Many horizontal miscible gas floods experience relatively low vertical sweep efficiency due to gravity segregation of the injected solvent and reservoir liquids. This is true for the Prudhoe Bay Miscible Gas Project (PBMGP) in which the enriched-hydrocarbon miscible injectant (MI) is expected to sweep only approximately 30% of the reservoir volume in the project areas. The Prudhoe Bay reservoir has a relatively thick oil column, high inter-sand vertical permeability, high net-gross, and is generally developed on 80 acre (324 = 103 m2) well spacing.An infill drilling project was implemented in the Northwest Fault Block (NWFB) area of Prudhoe Bay (Fig. 1) to improve solvent sweep efficiency and increase EOR reserves. This project differs from many EOR infill drilling projects in that most of the additional recovery is attributable to EOR, with minimal improvement in waterflood recovery.The infill project is feasible because the reservoir is relatively thick, and sufficient EOR reserves are obtained from miscible displacement around new injectors. A significant increase in flood rate can also occur, resulting in production acceleration. Results of the project will guide analysis of infill drilling in other EOR areas at Prudhoe. The Prudhoe Bay Miscible Gas Project is the world's largest enriched-hydrocarbon miscible gas flood, and is located in northern Alaska, USA.

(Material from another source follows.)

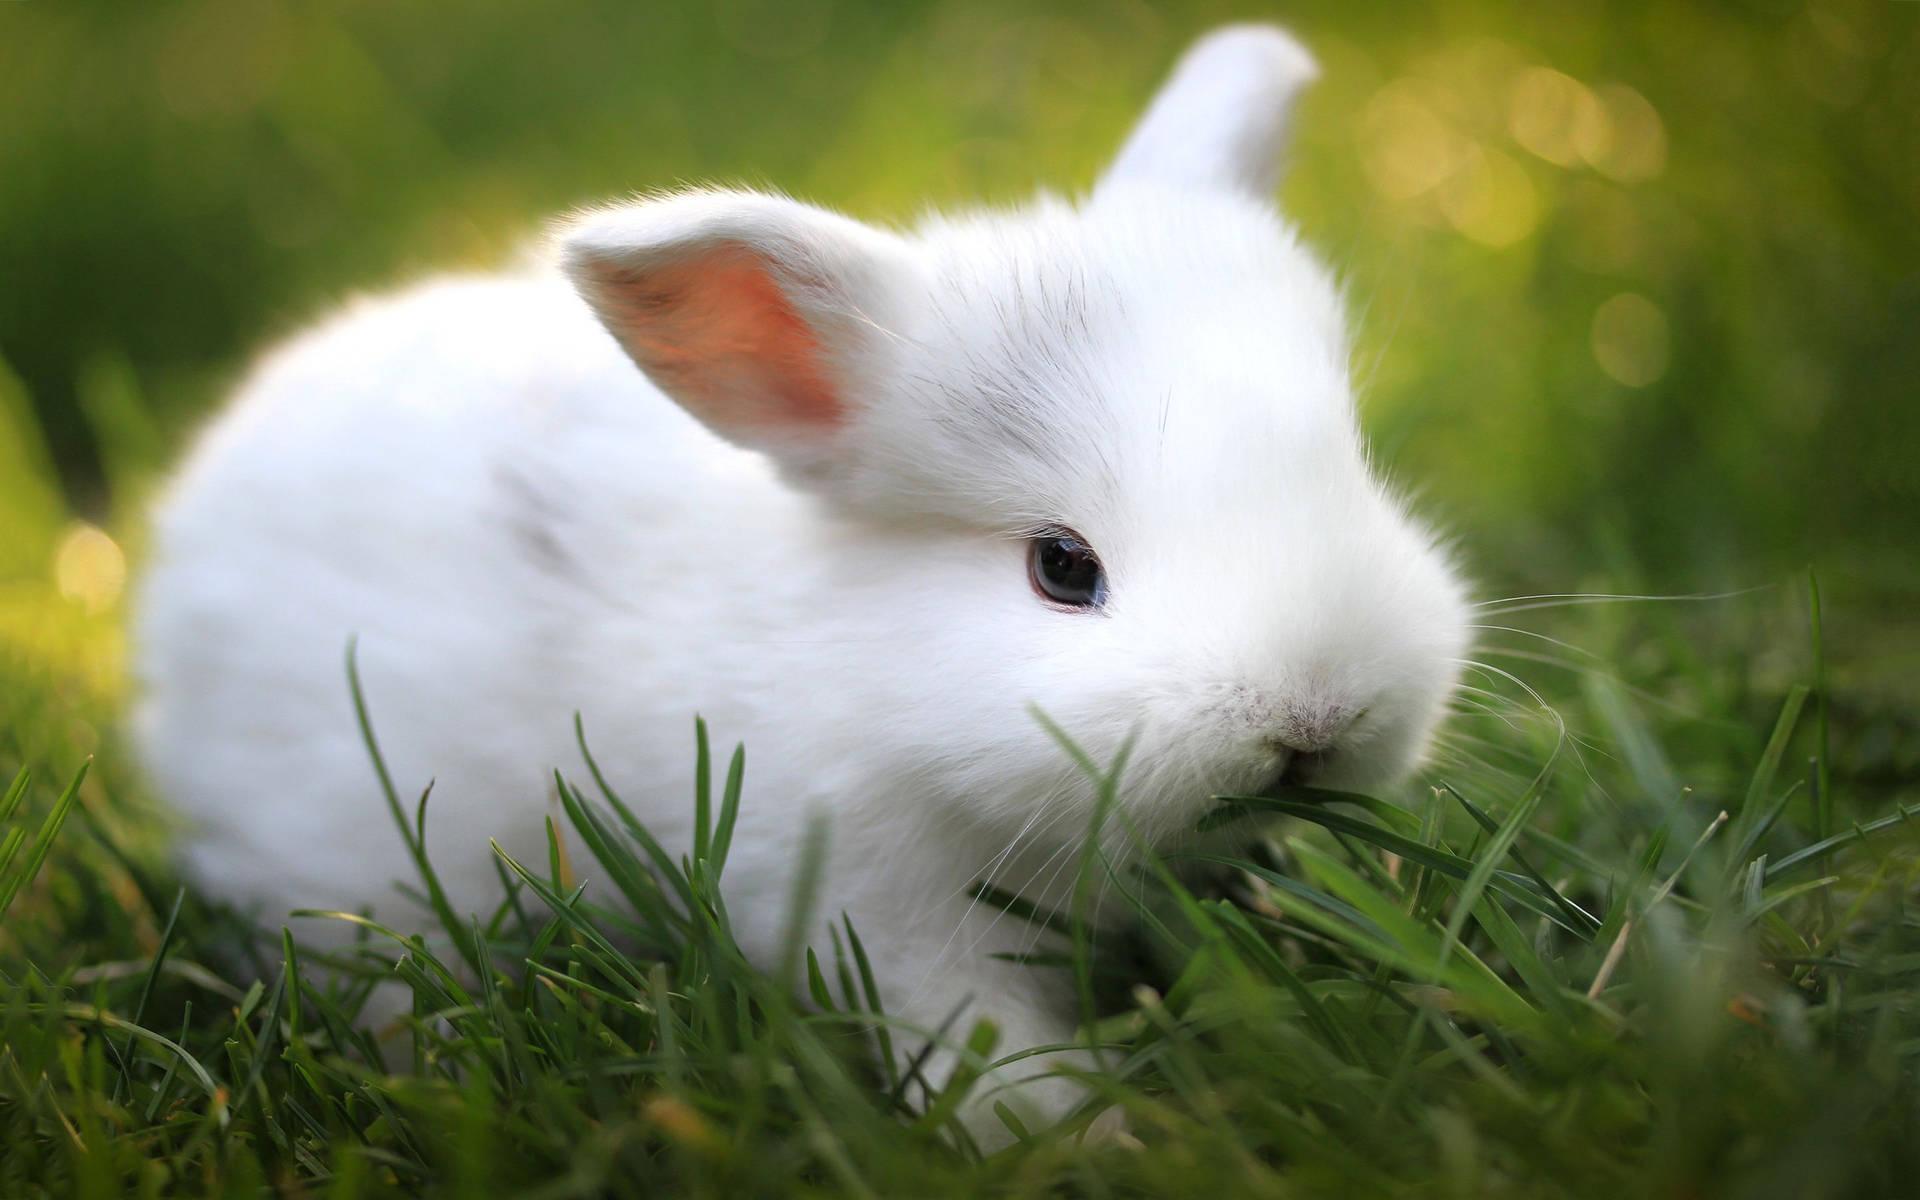 “This cute little white dwarf bunny is hoping you’ll come give it a cuddle!” Wallpaper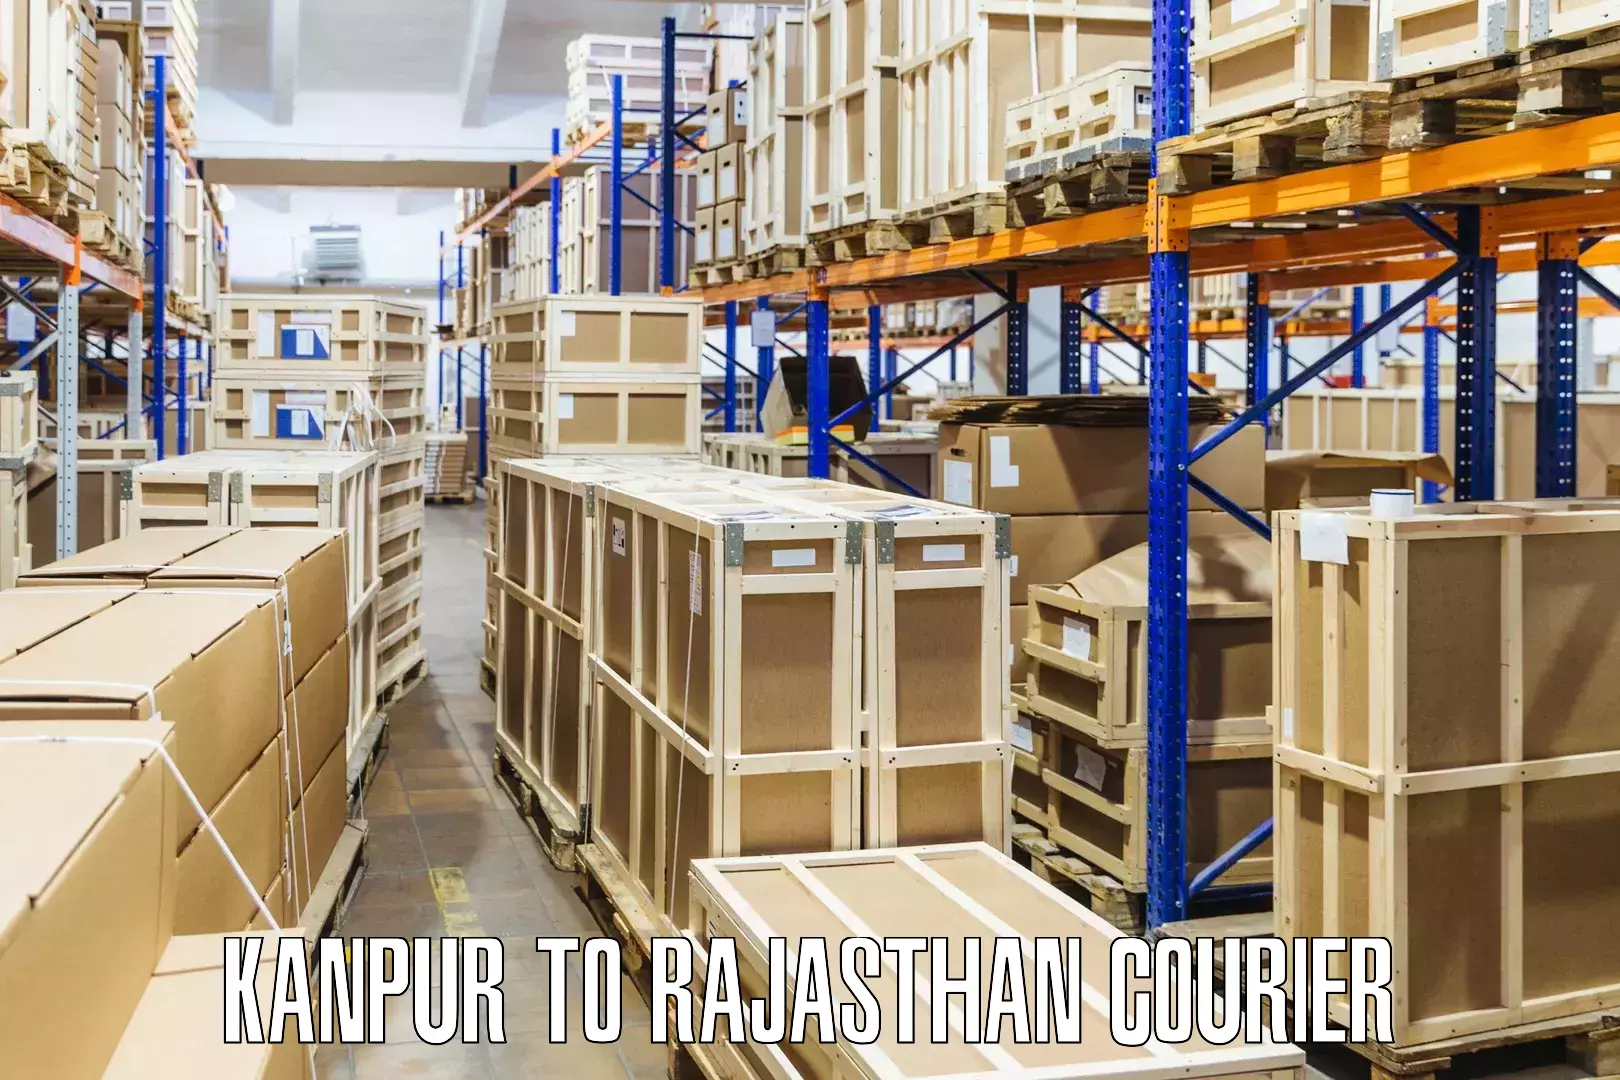 State-of-the-art courier technology Kanpur to Nadoti

Introduction This extended abstract describes the use of infill drilling to improve solvent sweep efficiency and EOR recovery in a gravity dominated WAG flood. Much of the incremental oil recovery in the Prudhoe Bay Miscible Gas Project (PBMGP) is displaced from a relatively small volume of swept reservoir surrounding each WAG injector. Solvent override occurs due to high vertical permeability and the large density difference between solvent and reservoir fluids. Solvent rises to the top of the reservoir or underneath shales, forming cone-shaped swept intervals around WAG injectors (Figure 1). Vertical sweep by solvent in gravity dominated WAG floods can be improved by increasing the viscous-to-gravity ratio1,2. A higher viscous-to-gravity ratio (HVGR) expands the solvent swept areas around the injection wells before gravity segregation occurs. However, little can be done in the PBMGP to reduce gravity forces, and water and solvent injection rates are currently near the maximum attainable. Reduced well spacing remains the only viable method to increase viscous-to-gravity ratio. Most of the benefit from reduced well spacing is due to displacing oil from new WAG cones around the new injectors.